CONSIDERATO IN DIRITTO

2. Va ribadito che lo jus variandi in punto di diritto è potere tipico del giudice
che, in ogni fase e grado del procedimento, ha il potere-dovere di attribuire al
fatto per cui si procede l’esatta qualificazione giuridica, senza che ciò incida
sull’autonomo potere – riservato in via esclusiva al pubblico ministero – di
modificare il fatto contestato e di procedere alla nuova contestazione, quando
esso risulti diverso da come è descritto nell’imputazione.

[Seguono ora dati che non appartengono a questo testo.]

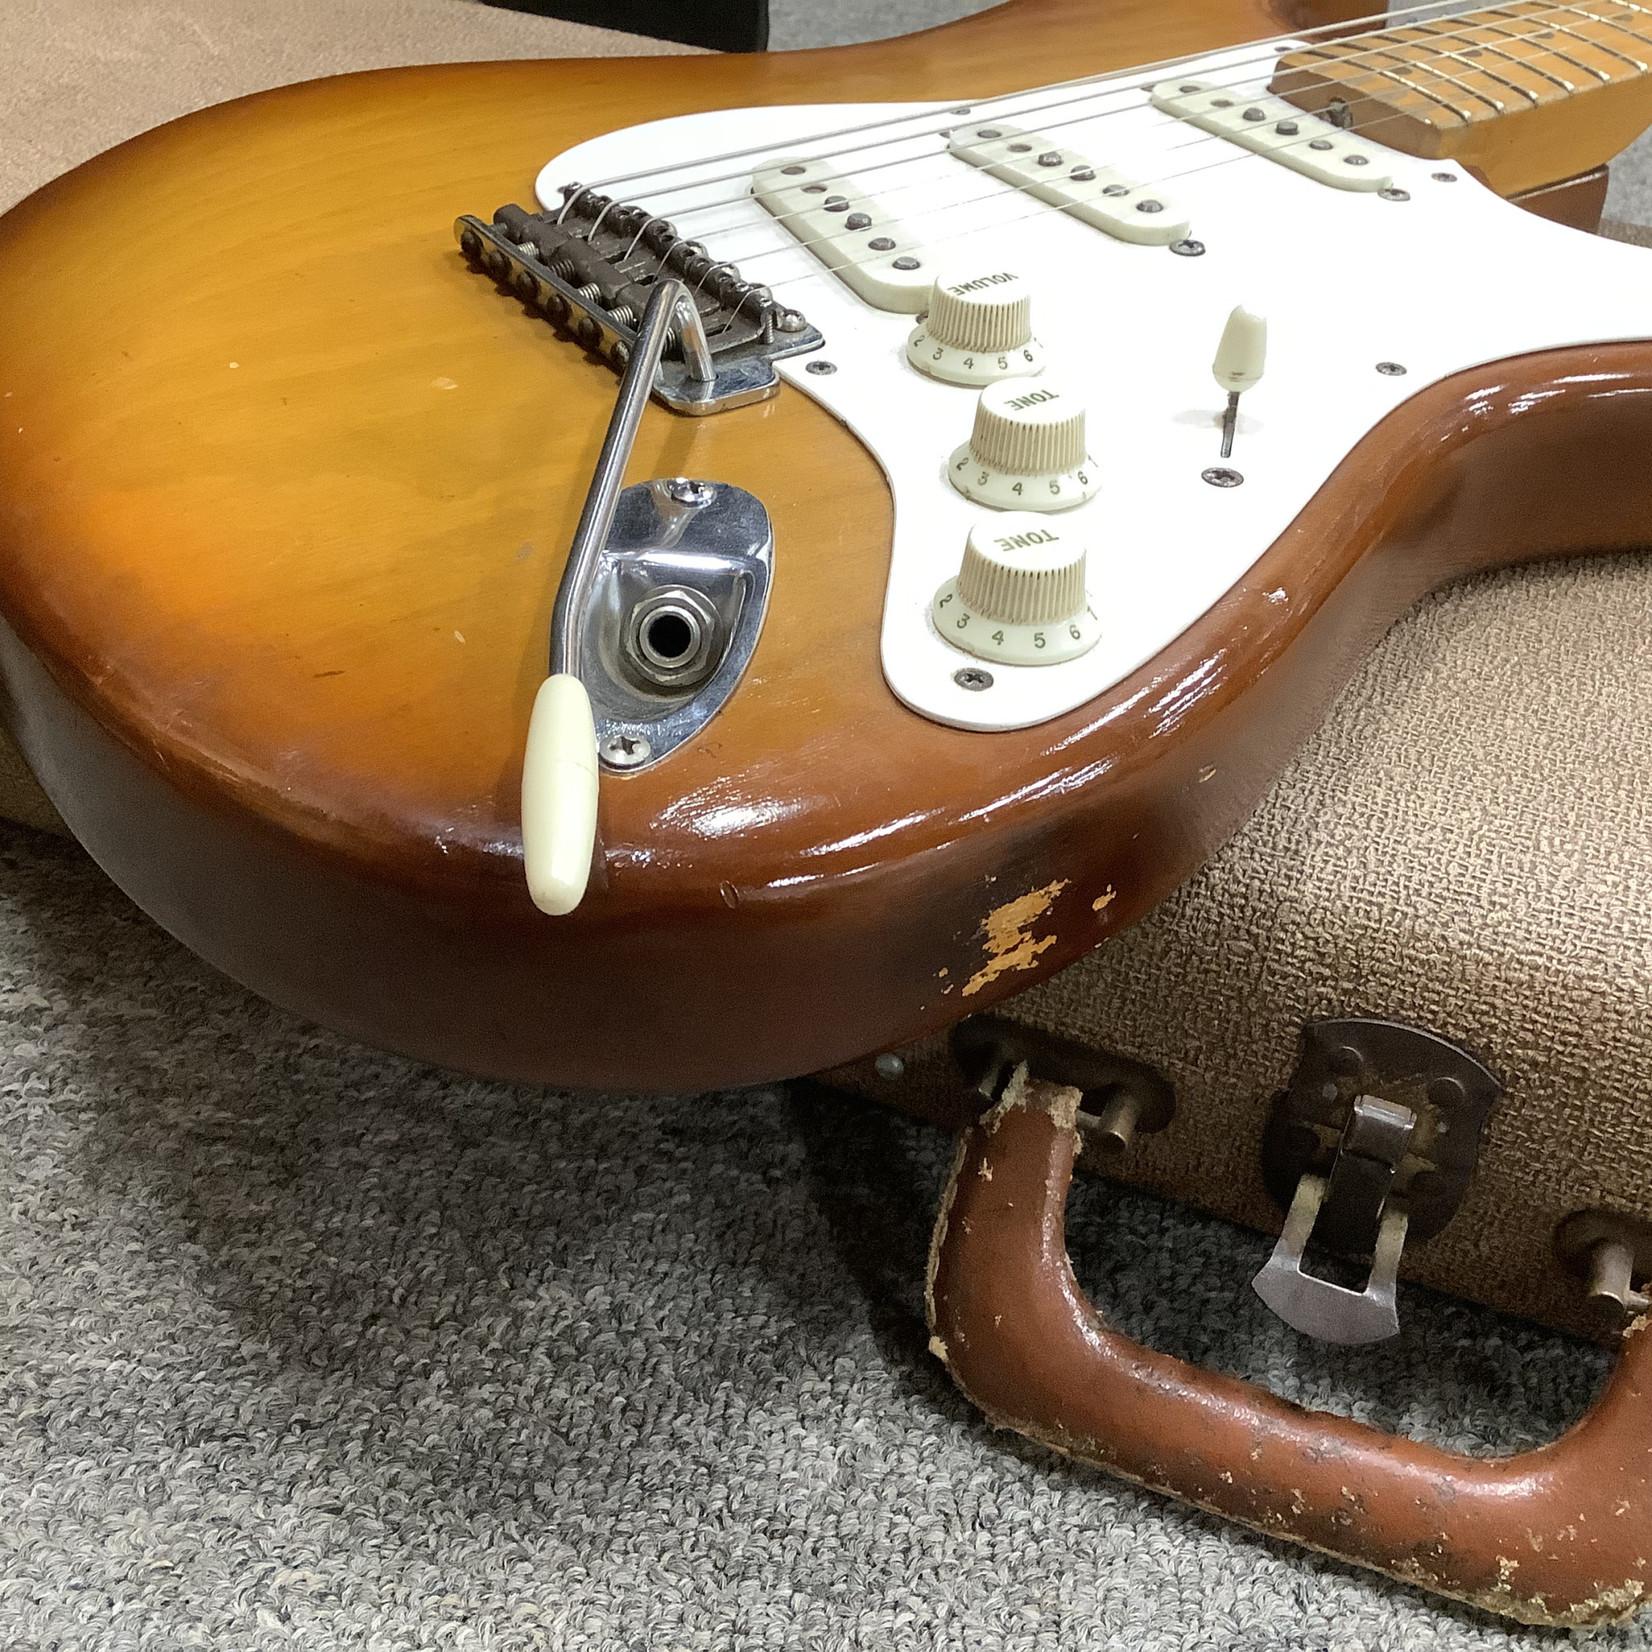 Fender 1954 Fender Stratocaster Refinished, Refretted

Anche il giudice dell’udienza preliminare, pur nel silenzio del codice sul
punto, ha il potere di qualificare diversamente il fatto con la conseguenza che il
decreto di rinvio a giudizio adottato non può qualificarsi atto abnorme in
relazione alla diversa qualificazione, la quale costituisce espressione di legittimo
esercizio di un potere riconosciuto dalla legge (Sez. 6, n. 28262 del 10/05/2017,
Tosi, Rv. 270521; Sez. 6, n. 3658 del 16/11/1998, Carlutti, Rv. 212688).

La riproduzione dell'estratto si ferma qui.